Big Brains Are Pricey, Guppy Study Shows
http://www.sciencedaily.com/releases/2013/01/130103131110.htm
Kind of amazing to me that there is a survival element in having smaller brains, but the results of the experiment mentioned in the above article appear to have some pretty solid conclusions. I got a copy of the primary research paper and it seems clear: the bigger the brain the smarter the guppy, but the smaller the gut and the fewer the offspring. It seems to me that when there is no evolutionary pressure for bigger brains (such as rapidly shifting environment, scarce or highly variable food sources, etc.) then there is evolutionary pressure _against_ bigger brains that can rapidly (in evolutionary terms) take over the population. If the ‘dumber’ ones breed more often than the ‘smarter’ ones (man, does that sound so damn familiar with us humans!) then the population gets increasingly dumber (man this keeps sounding so apropos!). Brains are expensive things and it appears that evolution (a bit of anthropomorphizing here) doesn’t ‘like’ to waste energy on them. The authors of the literature indicated that in just two generations of selection (they were the ones doing the selection, so the big brained boys were put with the big brained girls and vice versa, some thing that might happen extremely rarely in nature) they had populations with statistically different brain sizes. It seems to me that in certain parts of our world there has been selection for a lot longer than two generations (imagine, if you will, some banjo music playing in the background ;-)), so I wonder if anyone has information to show if that is currently happening to humans (be careful doing the measurements, though; bears have smaller brains than we do and they routinely kill people!).

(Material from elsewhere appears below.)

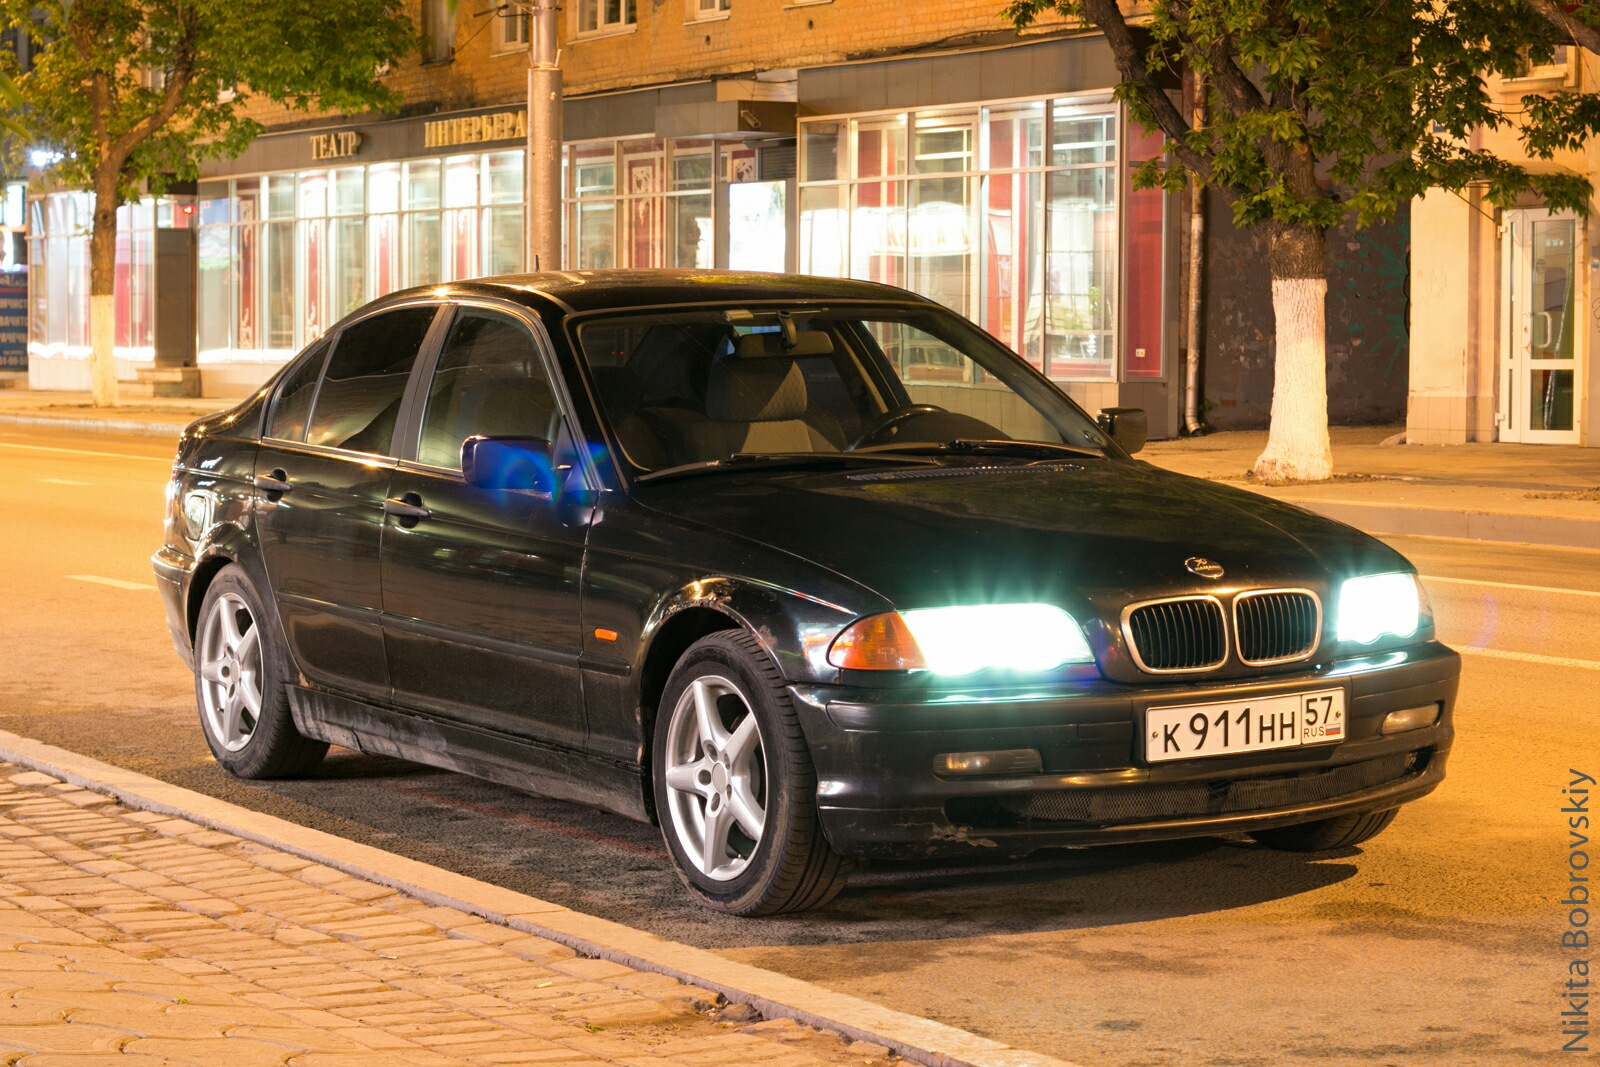 2000 год на продажу. БМВ 3 2000г. BMW 3 Series 2000. BMW 3 2000 года. БМВ 3 седан 2000 года.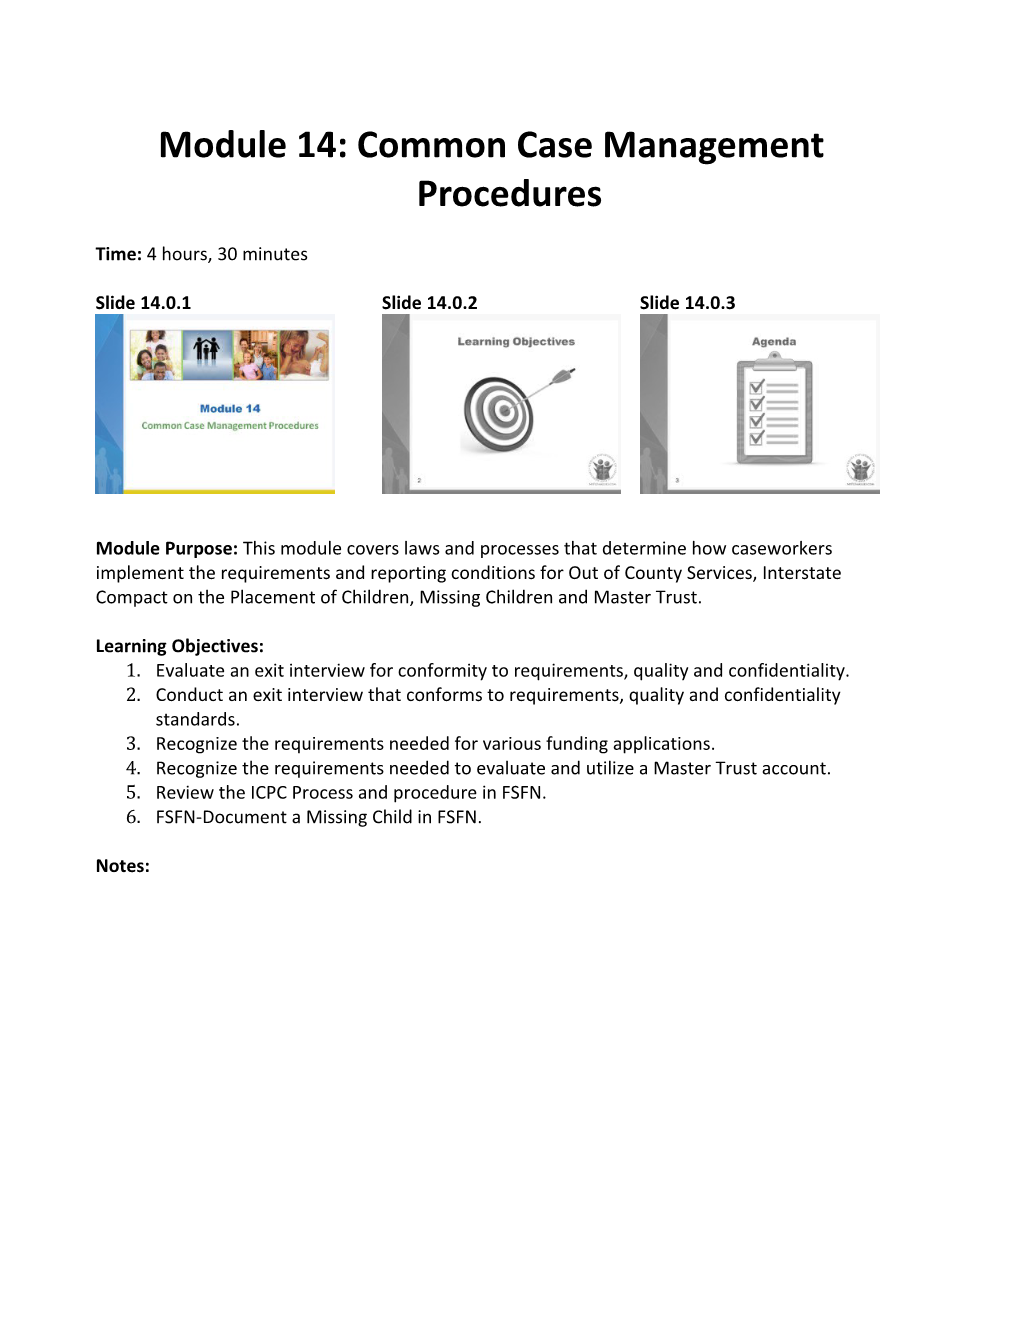 Module 14: Common Case Management Procedures

I have always equated the ‘meek’ who shall ‘inherit the Earth’ as being the best breeders, this article says they get a ‘bonus’ with their best breeder award as well.

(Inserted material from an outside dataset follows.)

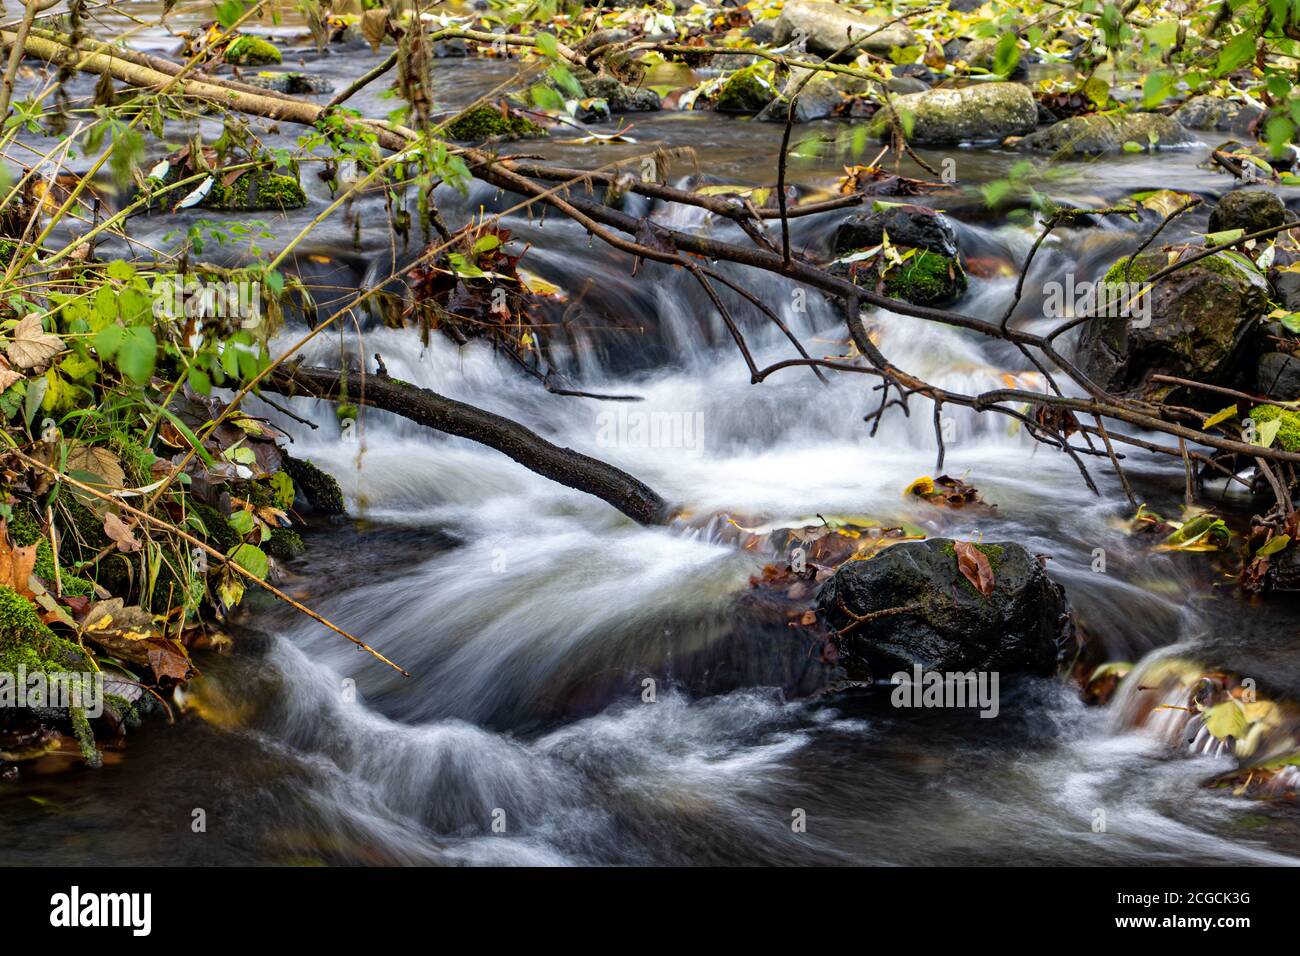 Una cascada de agua en el arroyo de otoño con hojas caídas. Ramas caídas con hojas de color en un río. Foto de stock

This is one of my arguments against GGGN. We’re selecting for quantity, not quality. I can’t show it, but it seems clear to me that that’s ultimately bad for the race.
“Survival of the fittest” as an evolutionary concept only applies in a competitive environment. Further, competition does not necessarily revolve around survival skills; nor does it take geological ages for selection to show results.
Yep, now your argument against GGGN does make sense. How to select for quality, though, when quantity is uncontrolled?